Smarter Data Management: Data Classification and File Permissions

Published 1/4/24

The beginning of a new year is an excellent time to clean up and organize your systems and processes. The data stored on your various systems needs to stay out of the hands of hackers, remaining safely within your organization, but there may be more sensitive data that should be protected from general staff access.

How do you sort through this data and start to protect it?

The first step is to create a data classification and handling policy.  This includes categorizing your data, and determining who can access these categories. Written procedures and guidelines for data classification policies should define what categories and criteria your organization will use to classify data. They also specify the roles and responsibilities of employees within the organization regarding data stewardship.

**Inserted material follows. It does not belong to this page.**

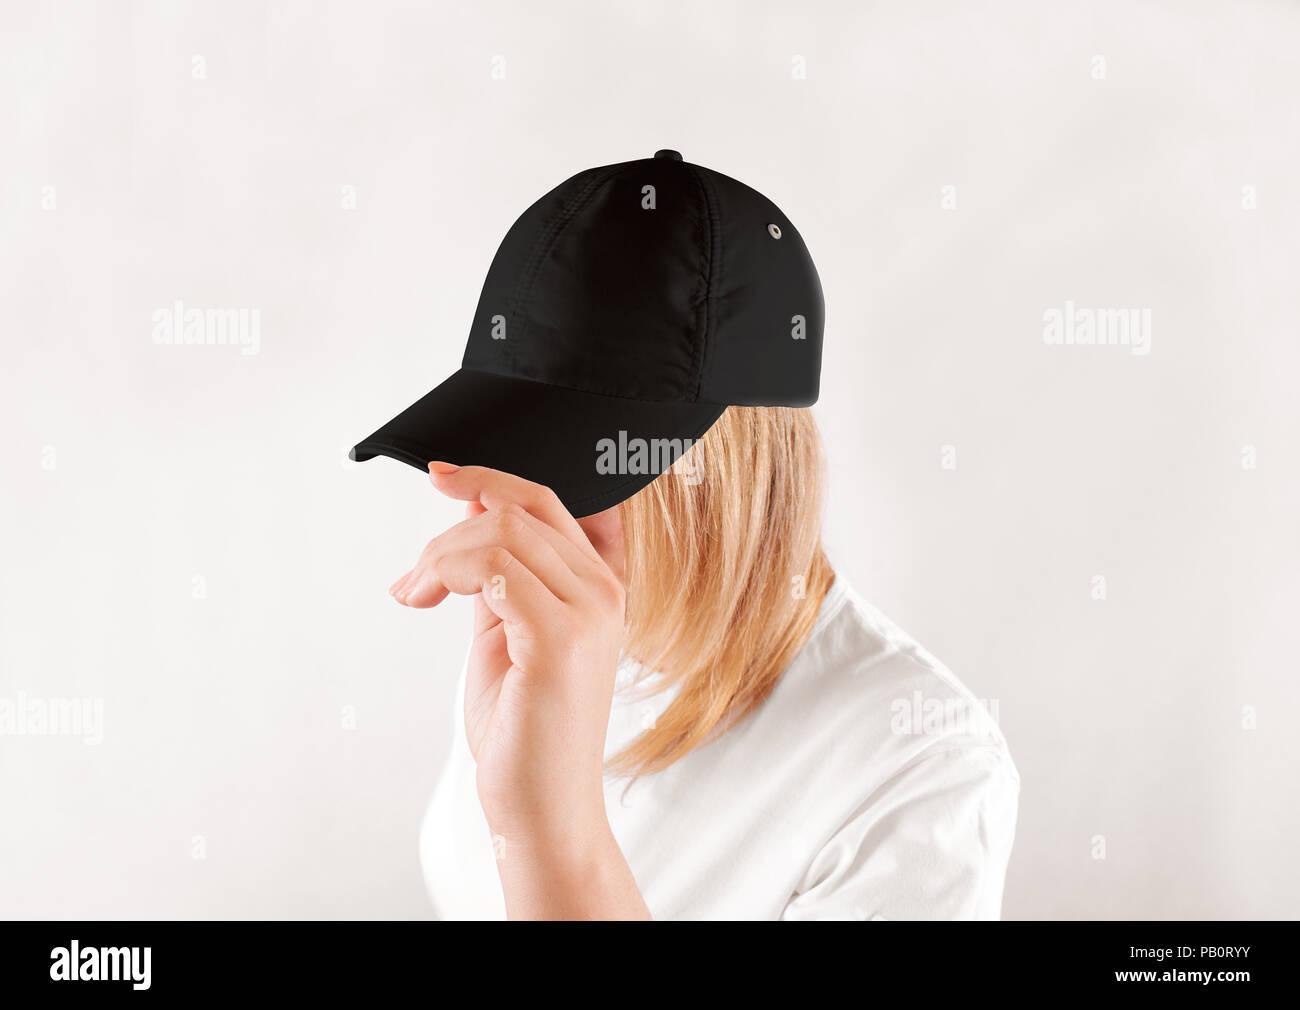 Blank Black Baseball Cap Mockup Template Wear On Women Head

This can be very basic, or quite complex.  If it is too complex you might find that all it does is gather dust.  Shoot for simple but effective.  The process is too complex to fully cover here, but these sites offer some good information to start:

https://www.netwrix.com/data_classification_policy_template.html

https://www.packetlabs.net/posts/data-classification/#:~:text=of%20the%20business.-,Data%20Classification%20Levels,%2C%20Confidential%2C%20Internal%2C%20Public.

  • First, you will need to create classification levels, impact levels, and audience to apply to your data.
  • Next, you will need to audit your current data and apply this policy framework to groups of your data. You then need to apply the correct protections around your data and test it.
  • Lastly, you should set up alerts when internal or external staff access or attempt to access any data that they are restricted from accessing.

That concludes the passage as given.